Мой друг Муратов вскочил с места и, волнуясь, стал вести сам с собой странный разговор.
— Здравствуйте! Мяса мне фунт.
— Извольте. Самый лучший песик.
— Только молодой ли будет?
— Помилуйте-с, совсем щенок. Лапки тоже прикажете?
— Ну их к Богу. Вы лучше с хвостиком отрежьте. Старшая барышня очень обожает хвостик.
— Чудак вы, человек, госпожа кухарка! Где же вы у фоксика хвост нашли? Не такая это собака, чтобы зря хвост носить.
— Тю на вас! А сенбернарочьего мяса у вас, часом, нет?
— Не может его быть. В первую голову резали.
И вот ободранная, гнусного вида собака лежит в кухаркиной корзинке, и от каждого кухаркиного шага трепыхаются ее ободранные, скрюченные лапы.
Устало шагает кухарка по тихим берлинским улицам.
А почему по тихим?
Да потому, что лошади не бегают (съедены), собаки не лают (съедены), моторы не гудят — тоже съедены жестокой войной.
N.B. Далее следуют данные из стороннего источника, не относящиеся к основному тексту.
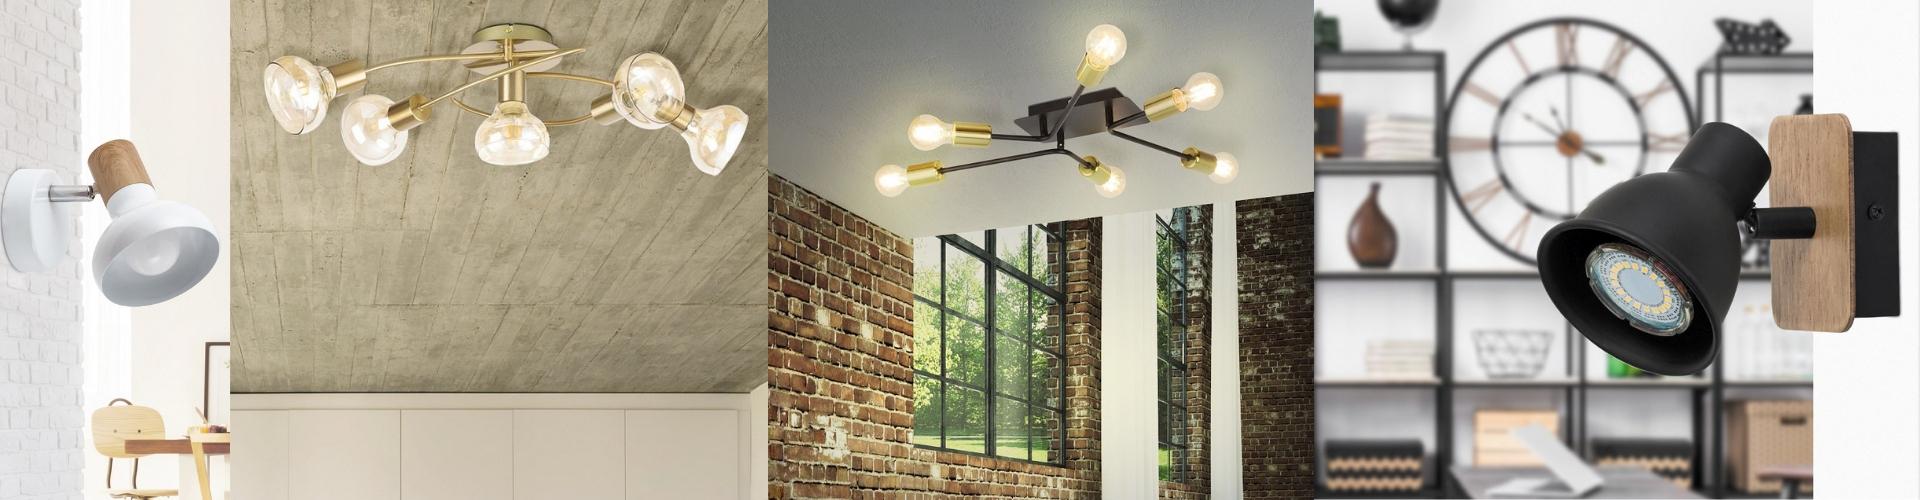 Spots lampen

Приходит кухарка домой, раскладывает на кухонном столе купленные припасы и — мог ли кто-нибудь, когда-нибудь представить себе это?!. — вот лежит картофель, вот капуста, а рядом — оскаленная морда худой ободранной собаки… Нос ее касается румяного яблока, а одна лапа потонула в пучке петрушки.
Вот-те и натюрморт.
У какого художника подымется рука изобразить такую картину на полотне?!.
И вот — режет кухарка собаку, жарит ее, варит ее, в пироге запекает ее…
А за столом?!.
— Мама, — робко лепечет сынишка. — Я хочу еще собачки. Дай мне лапку.
— Чего еще выдумал!.. Два ребра съел и все ему мало. Нынче, брат, собаки кусаются — по 3 марки фунт — не очень-то облопаешься.
Гостей зовут:
— Приходите к нам на рождественскую собаку! Жирная, хорошая. С яблоками будет.
В ресторанах подделки появятся:
— Послушайте, кельнер! Это, по-вашему, собака такая?!. Я вам ясно сказал — дайте порцию собаки, соус субис, а вы мне что подали? Это собака такая? Взять бы эту собаку, да по морде вас!..
Молчит, каналья кельнер, жмется. Очевидно, действительно подсунули что-то такое, чего уж хуже быть не может.
А что уж может быть хуже собаки — это тайна берлинского ресторана.
* * *
Мой друг Муратов умолк, тяжело дыша и утирая обильный пот со лба.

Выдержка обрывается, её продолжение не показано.